There are efforts in Congress to suspend the tariff on Canadian newsprint and get the International Trade Commission to overturn it. The outcome is unclear. But what has become clear is that there is more worry among rural newspapers than ever before about their future. I’ve heard it in talks with editors, publishers and executives, and have seen it in the papers themselves, as well as other news media. The latest examples I’ve seen are in The Canadian Record, a superb weekly in the Texas Panhandle, and a story in MinnPost, a nonprofit news site based in Minneapolis.

The MinnPost story, which explains rural newspapering to its largely urban readership, focuses on three weekly papers and their publishers, two of whom I know: Reed Anfinson of the Swift County Monitor-News in western Minnesota and Marshall Helmberger of the Timberjay in the north woods of the state’s northeastern “Arrowhead.” The other is Chuck Hunt, managing editor at the Faribault County Register in Blue Earth, Minn., near the Iowa border. He offers a basic truth about rural weeklies: “They kind of follow the trend of their town, so if a town is struggling to keep businesses open and the population declines, then the newspaper follows right along with that.”

That’s a problem in many rural communites, where population is declining and many of those who remain commute to jobs and do their shopping in larger towns, often in other counties, outside the local newspaper’s market area. In Swift County, subscriptions to the Monitor-News “are down to about 2,000” from a peak of 3,000, “a trend that has matched the decline of the county’s population, which has dropped by a third since its peak of nearly 16,000 people in 1950,” Gregg Aamot reports for MinnPost.

That worries Reed Anfinson, who fears that if the digital trend continues, “newspapers across Minnesota – and the country – will begin to disappear. And that worries him – not only for his paper, but for the vitality of small towns. ‘What happens to rural Minnesota if you lose all of your papers?’ he asks.” And papers don’t have to disappear to reduce accountability journalism; staff cuts mean less coverage of meetings like the one Anfinson loves to recount, where the city manager of Benson introduced Anfinson as “the newspaper, representing the people of Benson.” And so he was.

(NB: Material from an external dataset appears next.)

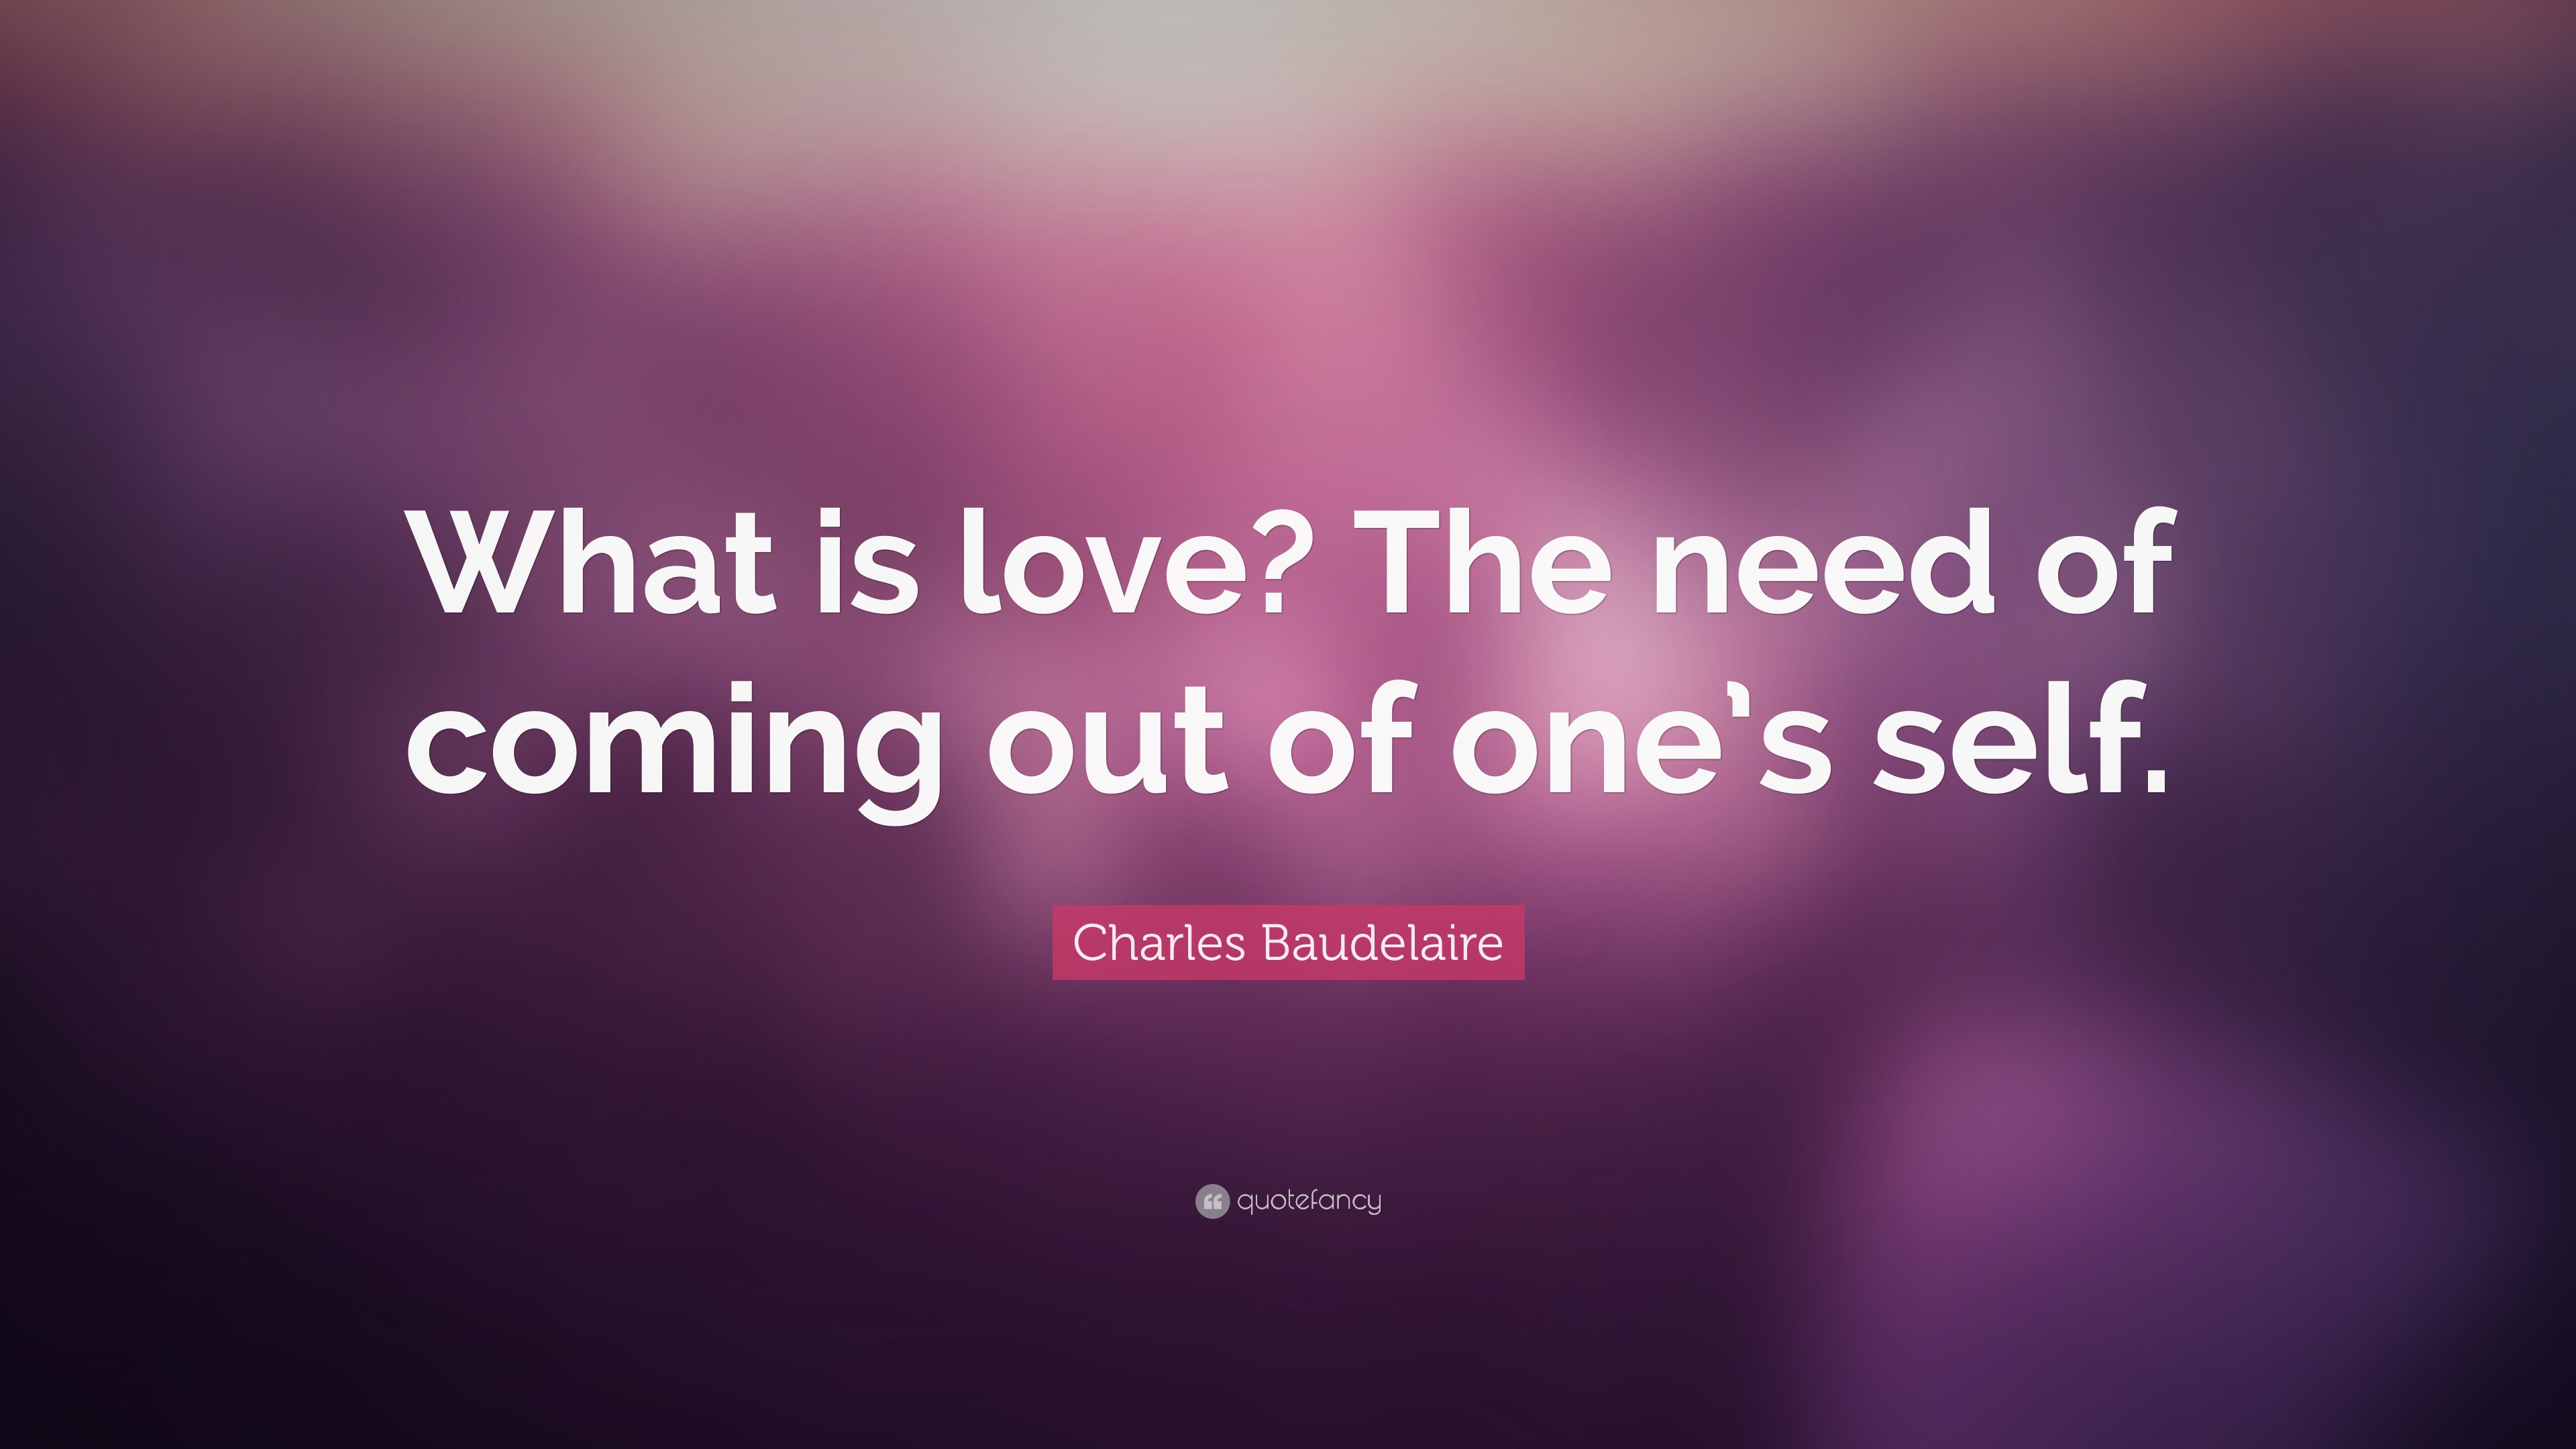 Charles Baudelaire Quote: “What is love? The need of coming out of one ...

In Canadian, Texas, the Record got much less respect at a government meeting last month, where a county official said “Nobody reads the newspaper anymore,” according to an editorial by Editor-Publisher Laurie Ezzell Brown. “He was dead wrong, as anyone holding this newspaper in their hands today, or reading the Record’s e-edition on their computer or iPad or smartphone, could easily attest,” Brown writes. “But our readers were not present in the commissioners’ courtroom. . . .The public rarely attends these public meetings. . . . For the past 26 years and counting, the one consistent witness to this particular slice of Hemphill County history has been a Record reporter.”

Perhaps they need to be more transparent with their readers, tell them what’s at stake and make clear news media must have more direct financial support from their audiences — as my friends Laurie Brown and Reed Anfinson have done, and as our institute’s “Support Democracy, Subscribe” bumper sticker does. (We have a version with an added line, “to independent journalism.”) They should also consider the strategy of my friend Jay Helmberger, who like many rural publishers puts out a summer visitors’ guide and other magazines.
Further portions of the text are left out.